- Born: Oliver Sain Jr. March 1, 1932 Dundee, Mississippi, U.S.
- Died: October 28, 2003 (aged 71) St Louis, Missouri, U.S.
- Genres: R&B, blues, disco, jazz
- Occupations: Saxophonist, bandleader, songwriter, record producer
- Years active: 1949–2003
- Formerly of: Kings of Rhythm

= Oliver Sain =

American saxophonist and songwriter (1932–2003)

Oliver Sain Jr. (March 1, 1932 - October 28, 2003) was an American saxophonist, songwriter, bandleader, drummer and record producer, who was an important figure in the development of rhythm and blues music, notably in St Louis, Missouri.

==Biography==
He was born in Dundee, Mississippi, the grandson of Dan Sane, the guitarist in Frank Stokes' Memphis blues act the Beale Street Sheiks. (The spelling discrepancy was the result of a birth certificate error.) He played trumpet and drums as a child. In 1949, he moved to Greenville, Mississippi, to join his stepfather, pianist Willie Love, as a drummer in a band fronted by Sonny Boy Williamson, soon leaving to join Howlin’ Wolf where he acted as a drummer intermittently for the following decade. After returning from the United States Army draft, serving in the Korean War, he returned to Greenville, and took up the saxophone to rejoin Love in Little Milton's backing band.

Sain moved to Chicago in 1955, sometimes sitting in with Howlin' Wolf's band and becoming acquainted with the owners of Chess Records. In 1959, he was invited by Little Milton to join him for club engagements in East St Louis, and over time became Little Milton's musical director, as well as performing occasionally with Ike Turner's Kings of Rhythm. He recruited Fontella Bass as the Little Milton band's keyboard player, only later discovering her singing talents.

After a few years, Sain left Little Milton's band and installed Fontella Bass and Bobby McClure as co-lead singers in his Oliver Sain Soul Revue. The band made its first recordings in 1964, and the following year Sain wrote and produced Bass and McClure's number 5 R&B chart hit, "Don't Mess Up a Good Thing" recorded at the Chess studios in Chicago and released on the subsidiary Checker label. The song was later covered by Gregg Allman of the Allman Brothers Band, on his solo album Laid Back. After Bass left Sain's band for a solo career, she was replaced by Barbara Carr, who continued to sing with Sain until 1972.

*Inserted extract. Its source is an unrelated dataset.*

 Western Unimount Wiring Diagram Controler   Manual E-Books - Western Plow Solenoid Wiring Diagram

He set up his own recording studio, Archway, in St Louis in 1965, and recorded and produced artists such as the Montclairs and Julius Hemphill, developing "a distinctively full, dynamic sound that would come to help define the St. Louis soul aesthetic." He released his first album, Main Man, in 1972, followed by Bus Stop in 1974. The track "Booty Bumpin' (The Double Bump)" from the latter album was issued as a single, and reached number 78 in the R&B chart. "Party Hearty", taken from his 1975 album Blue Max, reached number 16 on the R&B chart, and its flip side, "She's a Disco Queen", bubbled under the Hot 100. Sain's recordings, including "Bus Stop'", also became successful in British clubs (though it did not reach the UK singles chart), as a result of which he toured in the UK. His final R&B chart entry in the US came with "Feel Like Dancin'" in 1977.

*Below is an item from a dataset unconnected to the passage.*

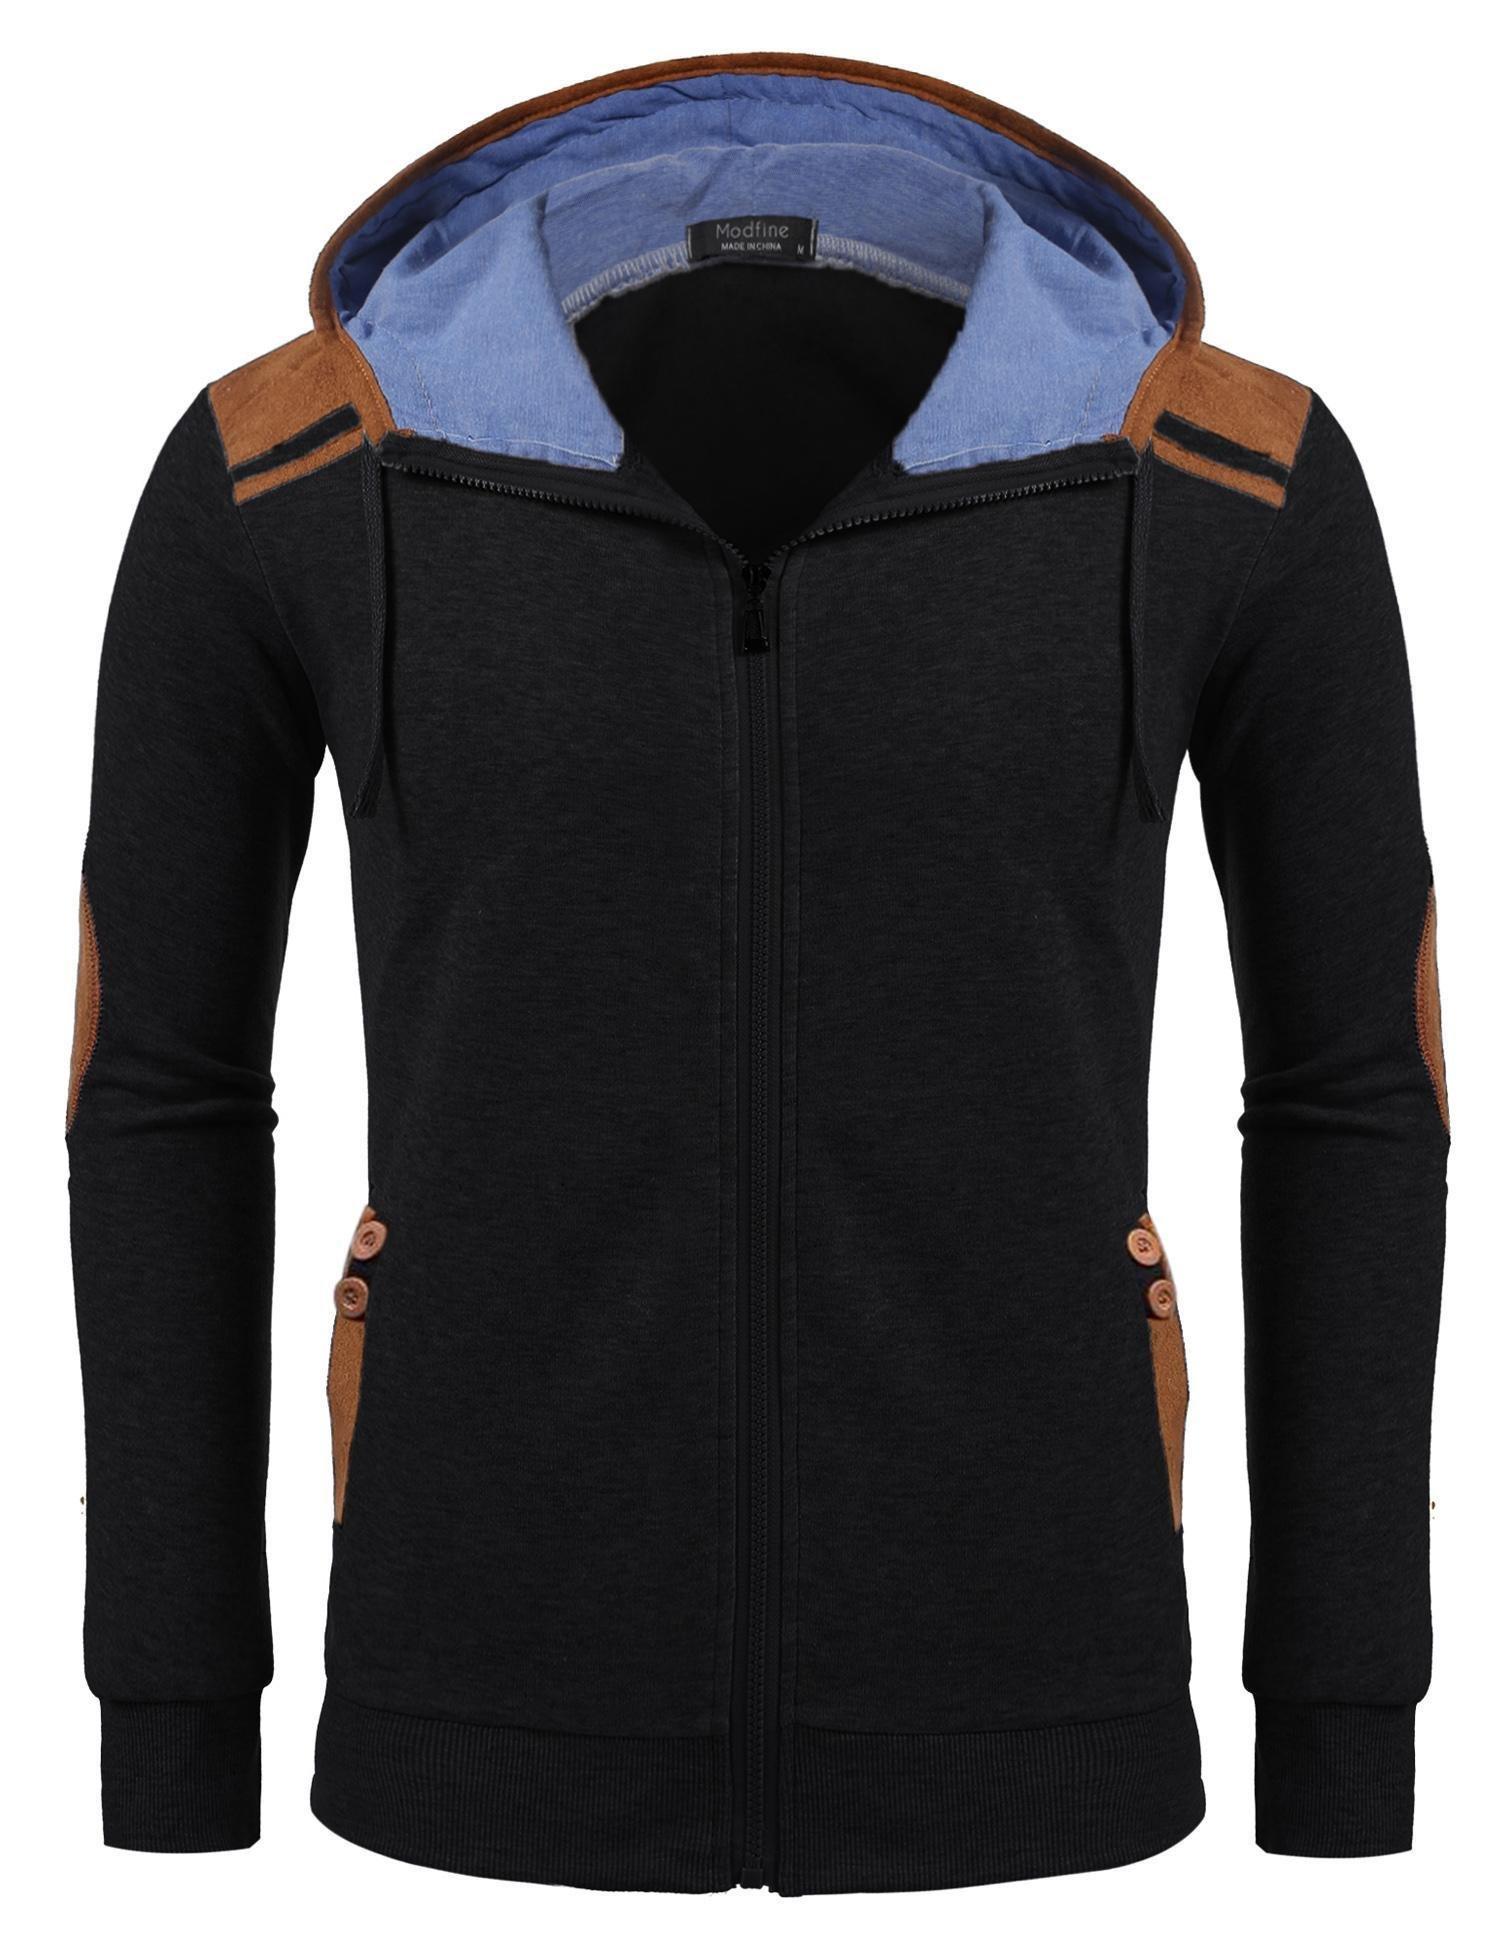 Gotchicon Lightweight Full Zip up Fleece Hoodie Hooded Sweatshirt Jacket for Men(Black,XL) by Gotchicon

Sain released two further albums, So Good (In the Morning) (1981) and Fused Jazz (1983), but increasingly concentrated on his work as a producer as well as live performances. In 1982, he produced Larry Davis' album Funny Stuff, which won a W. C. Handy Award. In 1987, he composed and produced Johnnie Johnson's debut album Blue Hand Johnnie. In 1986 and 1987, Sain toured Europe with former Kings of Rhythm members Clayton Love, Billy Gayles, Stacy Johnson and Robbie Montgomery (one of The Ikettes) as part of the St. Louis Kings of Rhythm. They were officially appointed as ambassadors for the City of St. Louis by Mayor Vincent Schoemehl. Sain continued to perform and to undertake studio work despite being diagnosed with bladder cancer in the mid-1990s, and is credited with discovering local singer Kim Massie.

Sain died on October 28, 2003, from bone cancer, which had metastasized from his bladder.

== Accolades ==
In 2019, Sain was inducted into the St. Louis Classic Rock Hall of Fame.